= The FruitGuys =

The FruitGuys is a wellness company headquartered in South San Francisco, California, that delivers fresh fruit to more than 3,000 businesses around the United States. The FruitGuys caters to large corporations and small businesses, serving companies such as Yahoo!, Wells Fargo, and Yamaha. Founded by Chris Mittelstaedt, the company also has an East Coast hub in Philadelphia, Pennsylvania, and a Midwest hub in Chicago, Illinois.

From 2008 to 2011, The FruitGuys was included on the Inc. list of 5,000 fastest-growing businesses in the United States.

==History==
Entrepreneur Chris Mittelstaedt founded The FruitGuys in 1998 in response to his contacts at dot-com companies complaining of weight gain and sluggishness; consuming soft drinks and snacks while facing long hours in the office. Mittelstaedt believed he could boost wellness efforts in the workplace by delivering farm-fresh produce to employers, and started promoting these services within San Francisco's Embarcadero Center. Along with cold-calling efforts, Mittelstaedt also made appearances in a banana suit on city streets to distribute free fruit and promote healthy eating habits.

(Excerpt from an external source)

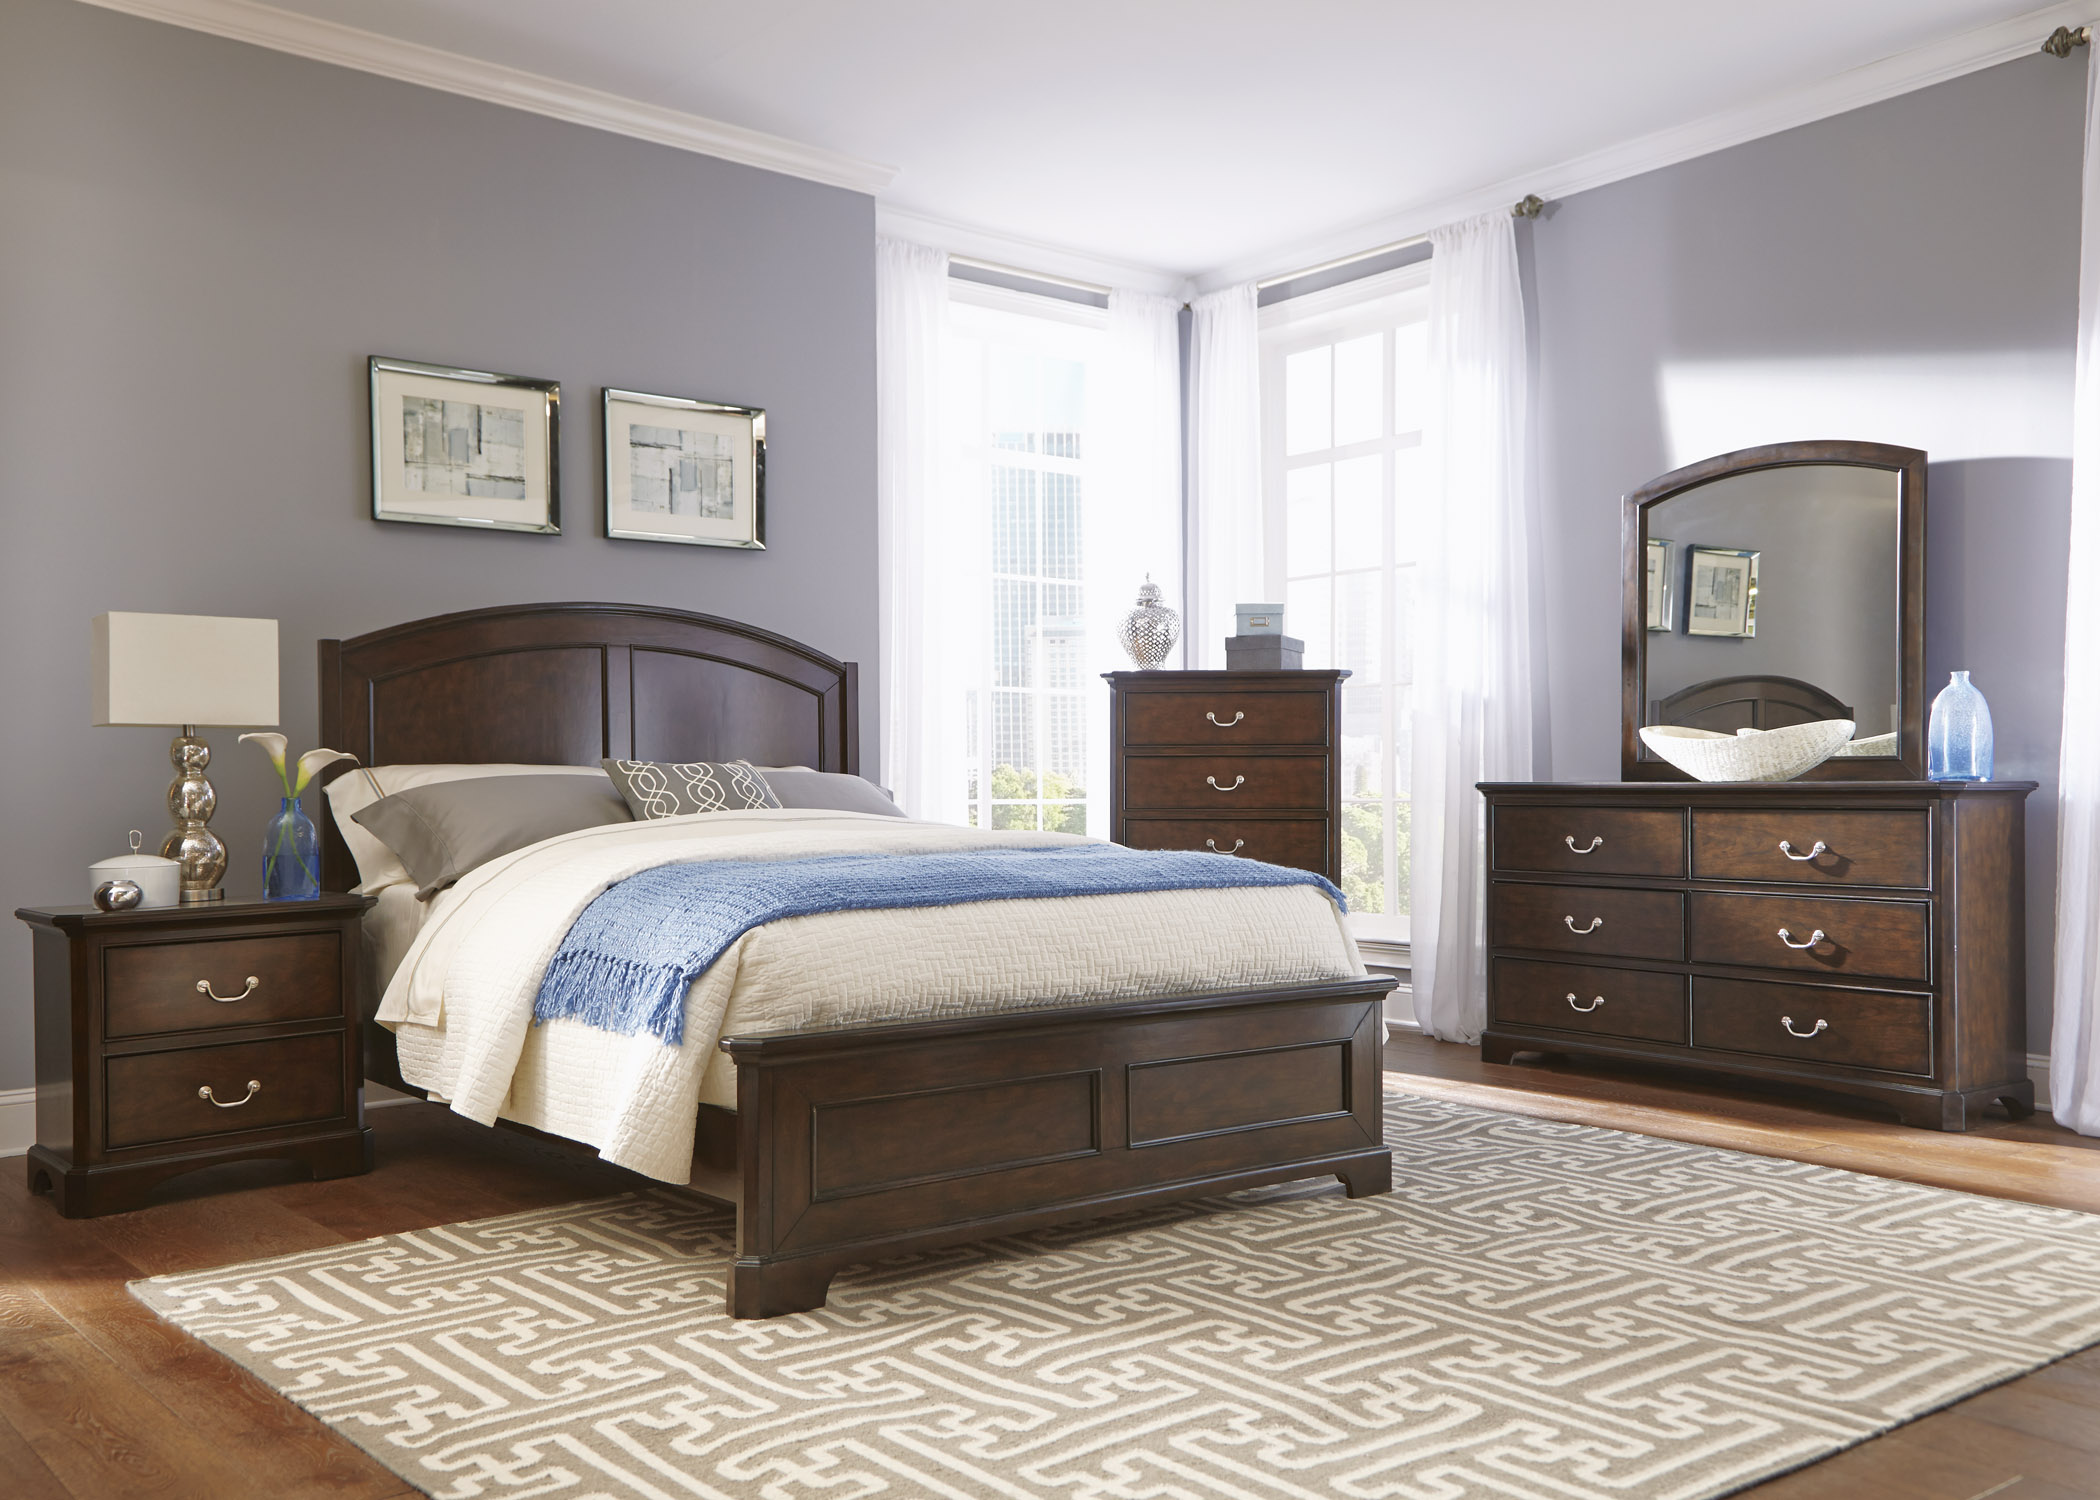 Liberty Furniture Avington Queen Bedroom Group - Item Number: 172-BR-QPBDMCN

The FruitGuys started as a two-person operation and morphed into a multi-million dollar enterprise employing approximately 40 staff. The FruitGuys has spawned numerous competitors and spearheaded a general trend toward health awareness at work.

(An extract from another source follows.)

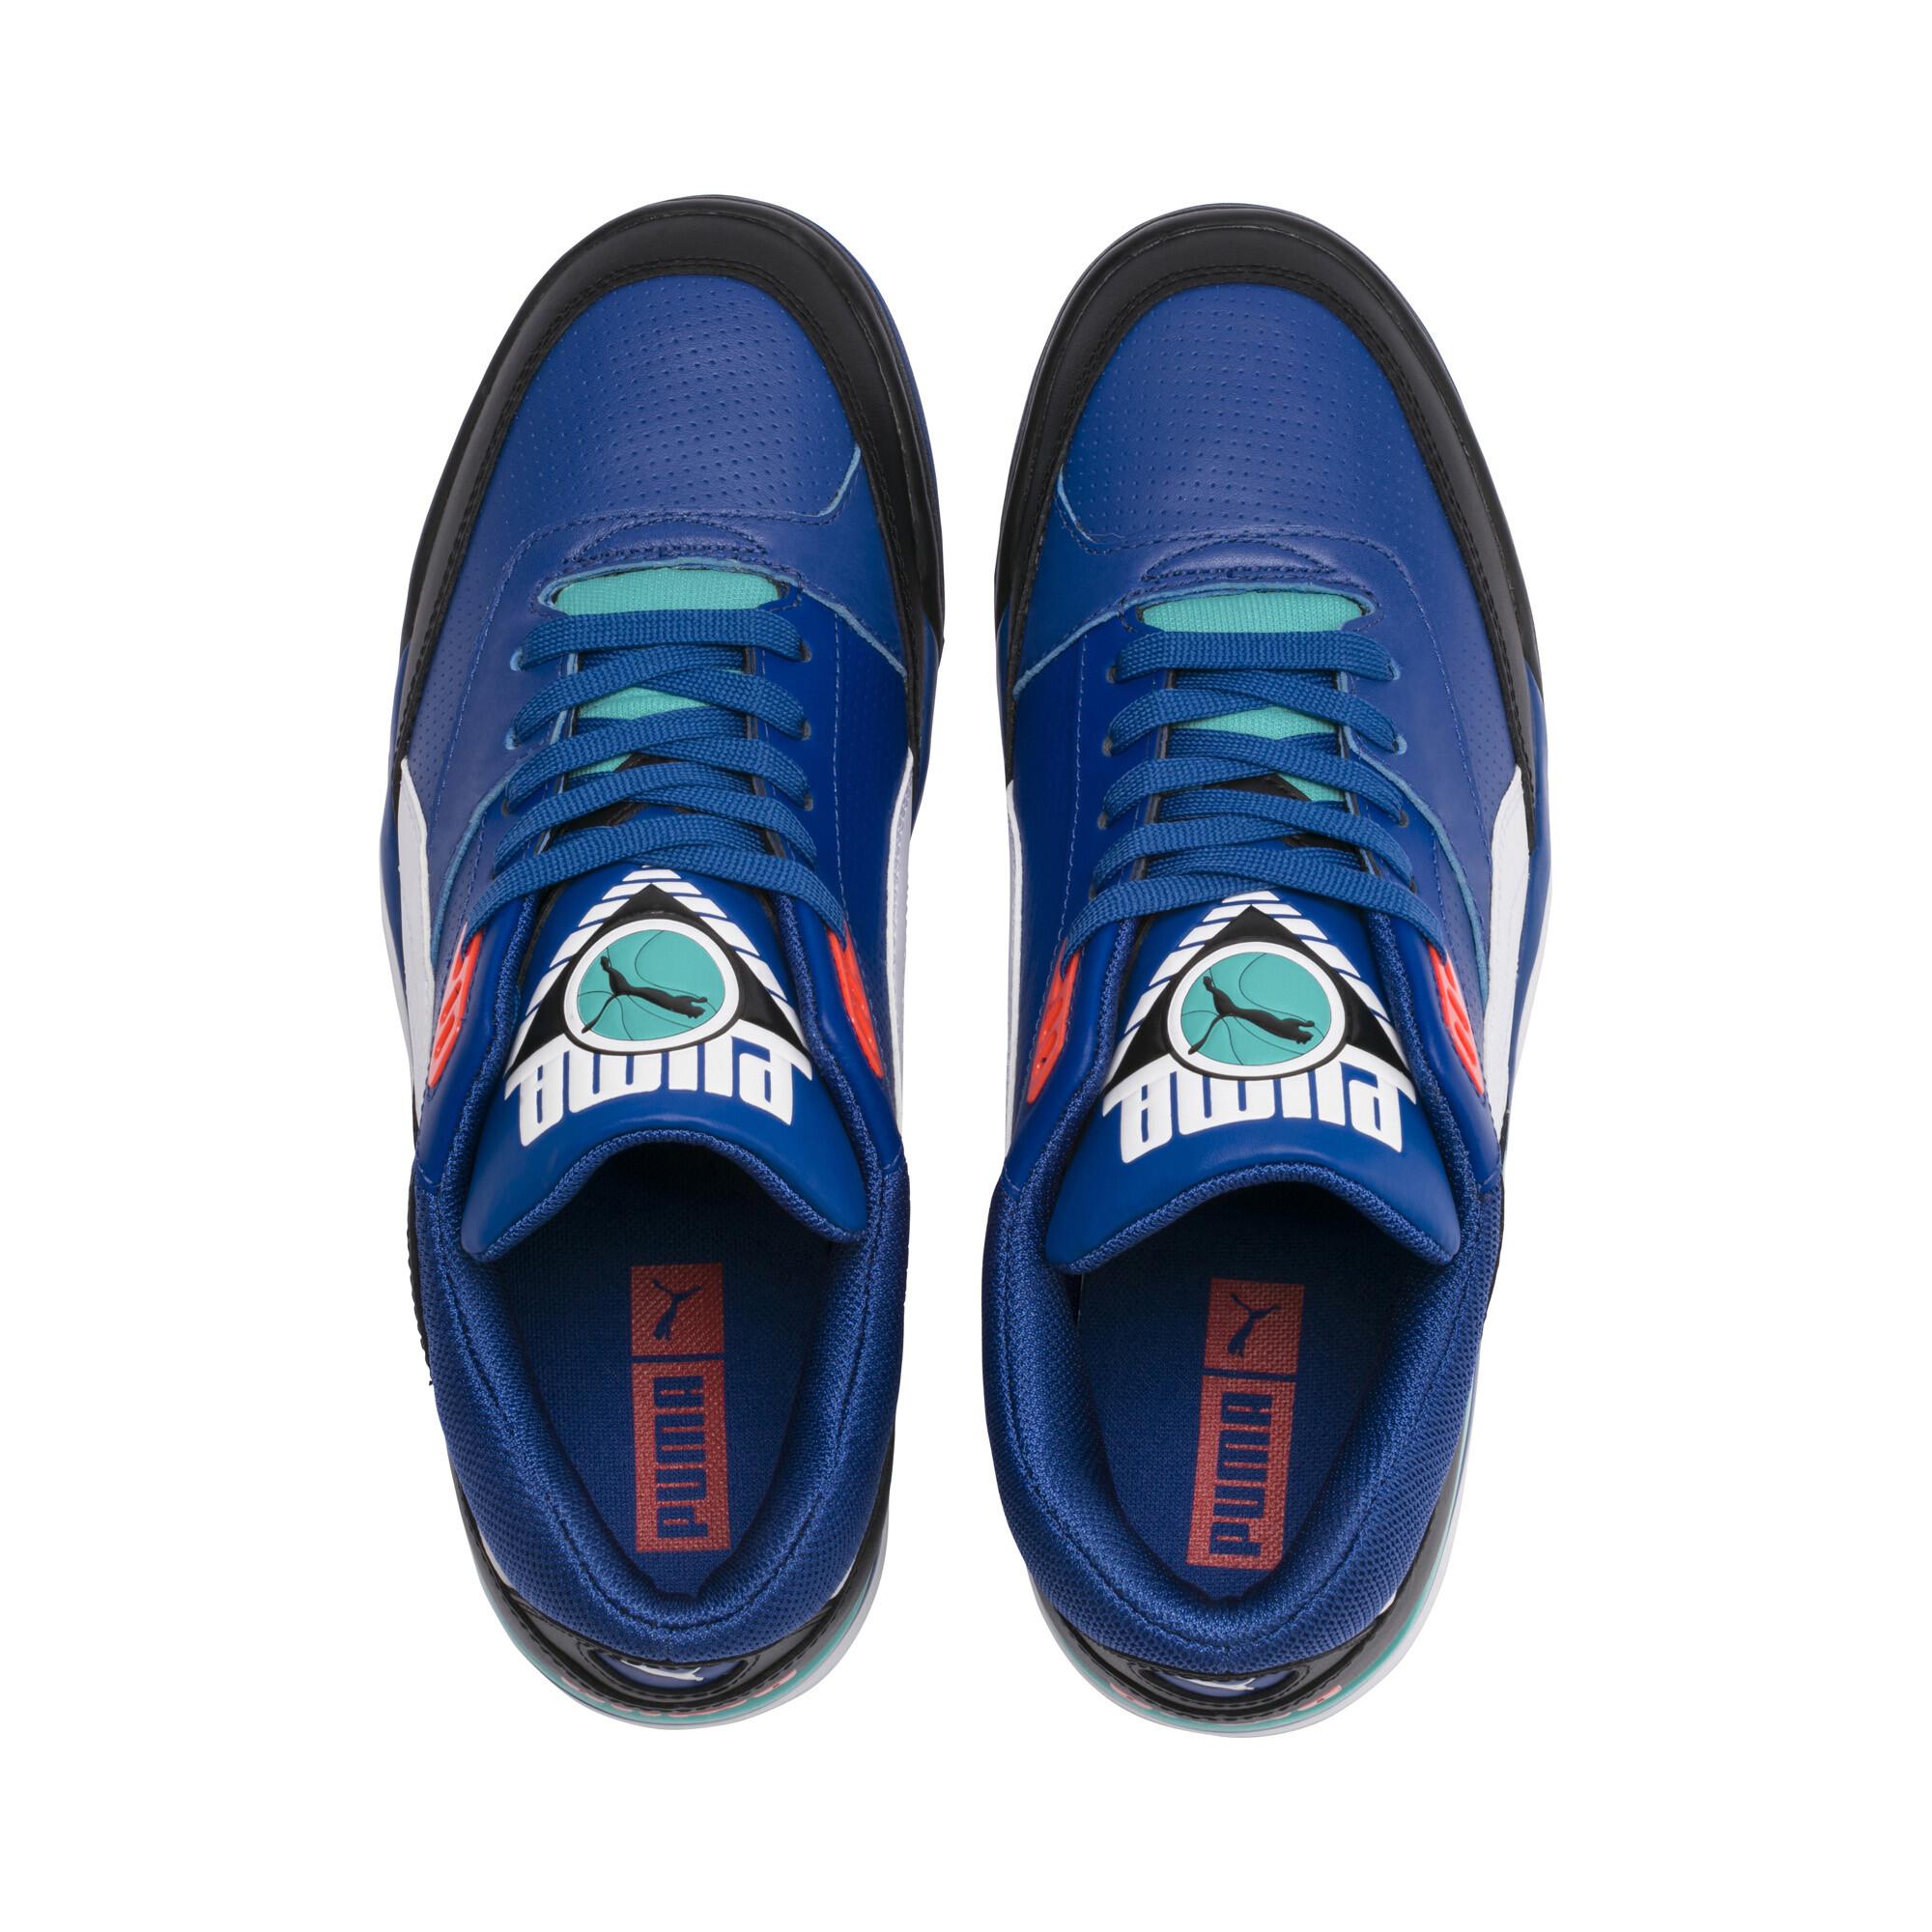 Indexbild 40 - PUMA Palace Guard Sneaker Unisex Schuhe Sport Classics Neu

The company's popularity can be attributed in part to the rise of workplace wellness programs and a collective desire to support local farms and organic food initiatives. Fruit is obtained locally in each region served by The FruitGuys to support local agriculture, cut down on emissions, and ensure freshness.

==Environmental efforts==

According to The FruitGuys website, an integral part of the company's socially responsible approach is its commitment to using eco-friendly packaging. All boxes used are made of 75 to 100 percent post-consumer recycled cardboard, printed with soy-based inks and reused up to four times. The company also uses a custom-made packaging machine that cuts down on cardboard use by 40 percent.

==Community work==
According to company founder Chris Mittelstaedt, his top priority is to keep community values and involvement at the core of the company's mission. In April 2008, The FruitGuys launched the Farm Steward Program to support sustainable, small-family farming and to identify and meet individual farm needs. They began by donating four beehives with 48,000 honey bees to a Sebastopol, California farm to call attention to the growing national disappearance of honey bees. Other Farm Steward undertakings have included helping farmers plant new trees and installing four bat boxes for Bay area farms to attract bats, which act as natural insecticides.

In another philanthropic program, the company offers fruit at no cost to young female entrepreneurs in Bayview-Hunters Point, a low-income Bay area neighborhood where fresh produce makes up just 5 percent of the food sold in the local stores. The women then sell the fruit at low cost to neighborhood families as a means of developing entrepreneurial skills and bringing healthy fresh fruit to the community.

In addition to these projects, The FruitGuys donates more than 80,000 pounds of fresh fruit a year (more than 7,000 pounds a month) to non-profit groups and regional food pantries in the United States, such as St. Anthony Foundation and Philabundance.